Updating its guidelines on the impact of coronavirus on animals, US Centers for Disease Control and Prevention (CDC) has recommended pet owners to apply the principle of social distancing with regards to family pets too.
Social distancing applies to pets too
The CDC on Wednesday, April 29 said that pet owners should take the precaution of simply treating their pets like "other human family members," and not let them go outside or interact with other animals outside the household. This comes after two house cats in New York were recently tested positive for coronavirus. Though not confirmed, they most likely contracted the virus from their owners or people in the neighbourhood.
"Social distancing applies to your pets too," ABC News reported veterinary specialists, Dr. Melissa Salgado, saying it.

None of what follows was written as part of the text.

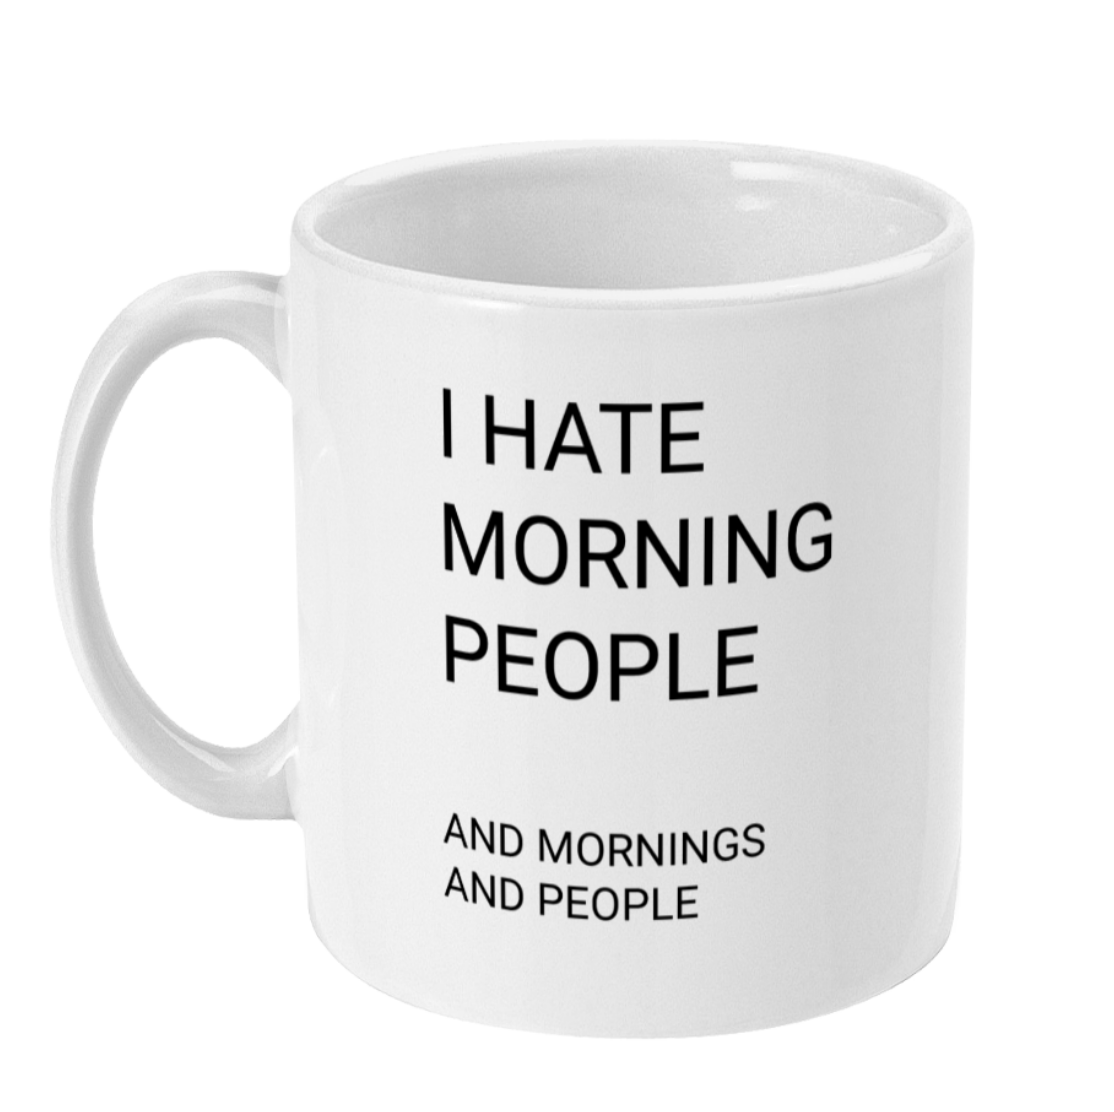 example mug 2

No evidence that animals transmit coronavirus
Even though there is no evidence that pets play a role in spreading the virus, experts say pet animals are at risk of developing the disease, so "it's best to err on the side of caution." The CDC said that there is nothing to panic about it's latest guidelines on pet animals social distance recommendation as it is just a precautionary measure. And unless there is enough data to know if animals too can transmit the virus, it would be advisable to take precautions with regards to them as we take precautions with any of other family members, the agency said.
As per the guidelines, pet animals should be kept at a distance from anyone who is sick and should be treated as a member of the house.
Some animals more susceptible to the virus than others
However, there are some experts who say that few animals are more susceptible to the virus than others.
Dr Sandra Newbury, director of the Shelter Medicine Program at the University of Wisconsin, says, "Cats have a particular receptor and we suspected early on that they might be able to be infected."
"We think it is more difficult to infect dogs and our experimental studies have proven just that," Newbury told ABC News. Reports of tigers, cats' larger relatives, cousin, at the Bronx zoo contracting the virus that cause COVID-19 reinforces this understanding.
"Animals could be asymptomatic too"
According to Newbury, there is a possibility that more animals could be infected but could be asymptomatic as was found in the case of a dog in Hong Kong. "The infected pets had no clinical signs, no symptoms at all", he said.
He, however, says that there is no need to panic since there's little evidence that owners pose a risk to their pets. He reiterated CDC guidelines that people should only take in-home precautions if someone in the home is sick.
CDC doesn't recommend routine testing for animals
CDC does not recommend routine testing of animals at this time and says "further studies are needed to understand if and how different animals, including pets, could be affected.
According to the World Health Organisation (WHO) also, there is no evidence that animals transmit coronavirus to humans.